Шел он легко, быстро, стараясь вспомнить, что его заинтересовало при расставании с Марией, но он не мог сделать этого, потому что думал о ней. Тогда он заставил себя думать о деле, о передовой, и в конце концов это ему удалось.
Глава седьмая
Отделение было на огневых, землянка выстужена, и Костя, влетев в нее, как домой после разлуки, расстроенно присел на нары, прикрытые лапником н плащ-палатками. После теплой, вымытой санитарками и натопленной дневальным избы, после кино, танцев и Марин остуженная землянка, отсутствие ребят ударили больно, наотмашь. А тут, как назло, где-то совсем рядом грохнула серия снарядов, с накатов запылила пересохшая глина. За накатами протопали сапоги.
"На кой черт я спешил? — горестно подумал Костя. — Даже не пообедал…" Ему отчаянно захотелось есть, но идти па кухню — бесполезно: обед-ужин еще не готов.
Костя вздохнул и заметил — дров у печи нет. А сырыми — пока растопишь…

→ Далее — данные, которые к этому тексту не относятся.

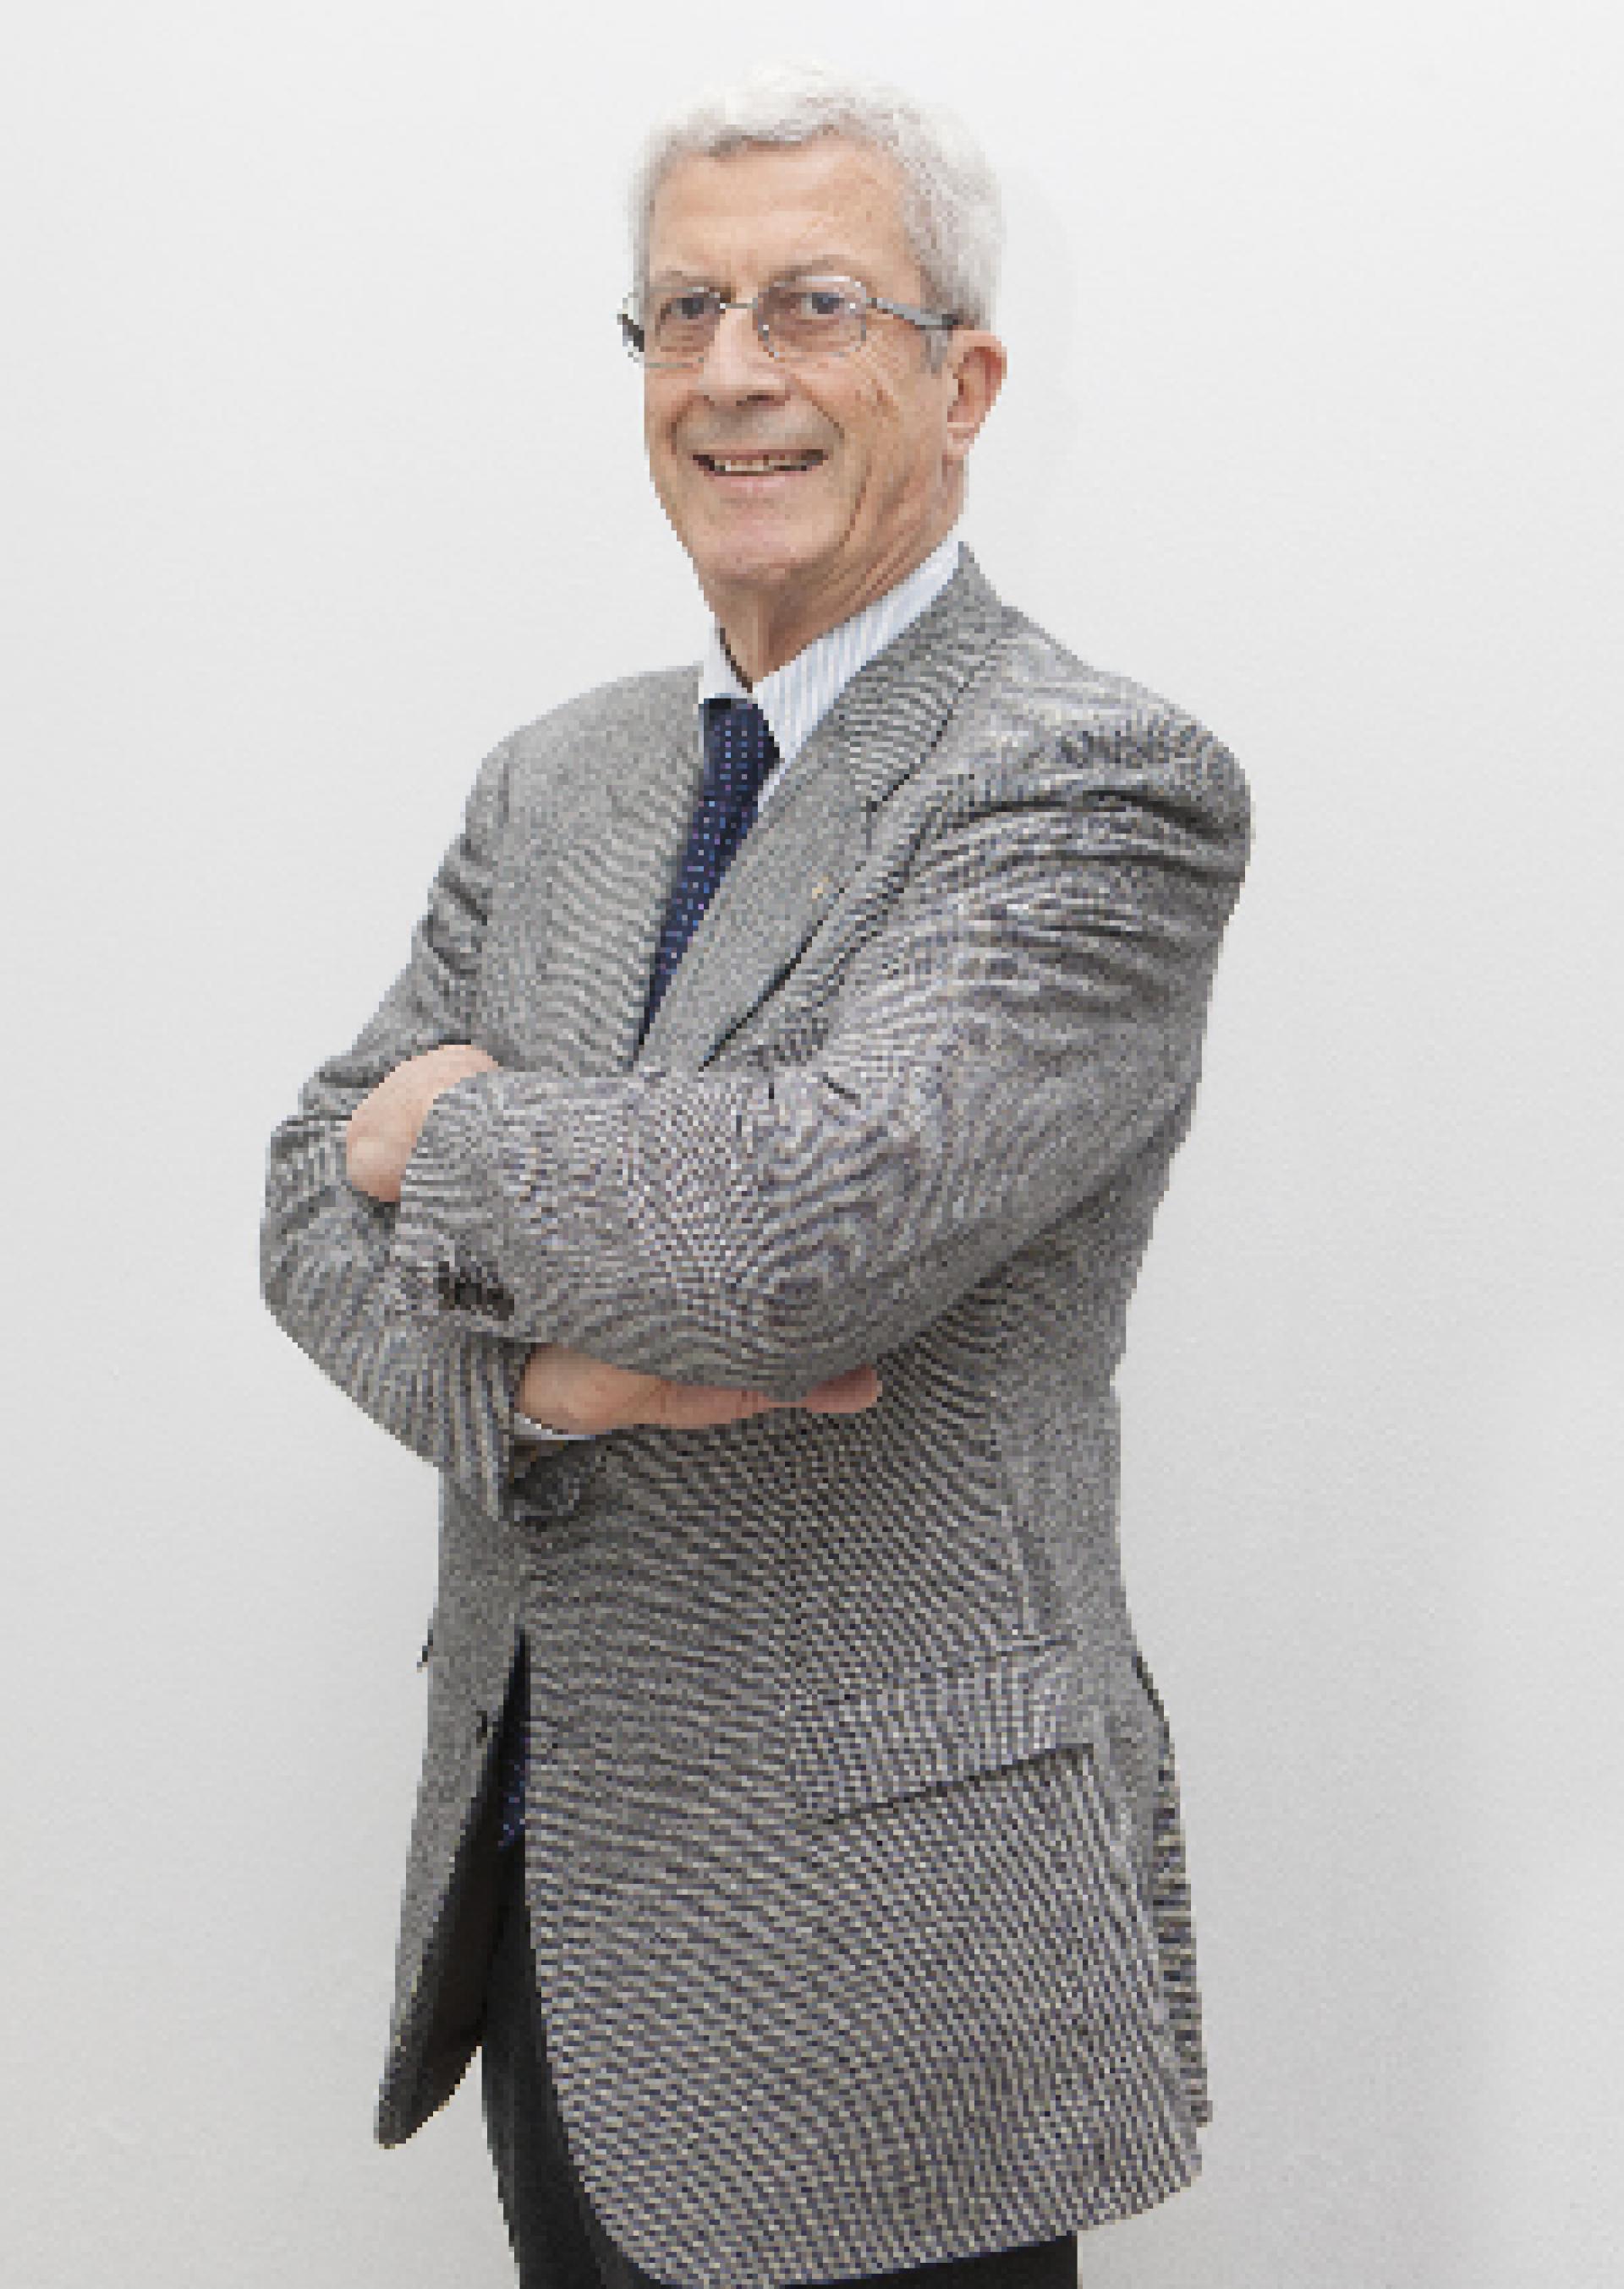 Giovanni Lercker

"Ведь говорил чертям, чтобы загодя дрова готовили, — рассердился Костя, заглянул в котелки и выругался: они стояли немытыми, а в общем котелке не было не то что чая, а даже воды. — Разболтались, совсем разболтались…" Тупая усталость и обида на ребят захватывали все сильней, не хотелось уже не только двигаться, а даже думать. Он лег на нары, потом вскочил и вслух сказал:
— Ну, чего распустился? Пуховиков ждал? Оркестром тебя не встретили? Давай шуруй, действуй, доброволец-комсомолец.
Он скинул шинель, разыскал в головах свой ватник и начал шуровать: перетряс постели, подмел, сменил газету на столике и, прихватив общий котелок, помчался на кухню. Воды в водовозке не оказалось, он наколол льда и, оглядываясь, набрал у бурчащей кухни охапку уже колотых дневальными дров. Пока растапливал остывшую дымящую печь, ругался, потом опять побежал к кухне, натаскал пиленых чурок и стал колоть их перед землянкой. Рассчитав, сколько времени потребуется, чтобы растопился лед, а вода согрелась, выложил за печкой поленницу свежеколотых дров — пусть сушатся, вымыл котелки. И все быстро, стремительно, но зло, как будто погоняя себя, как будто мстя кому-то, а скорее всего самому себе.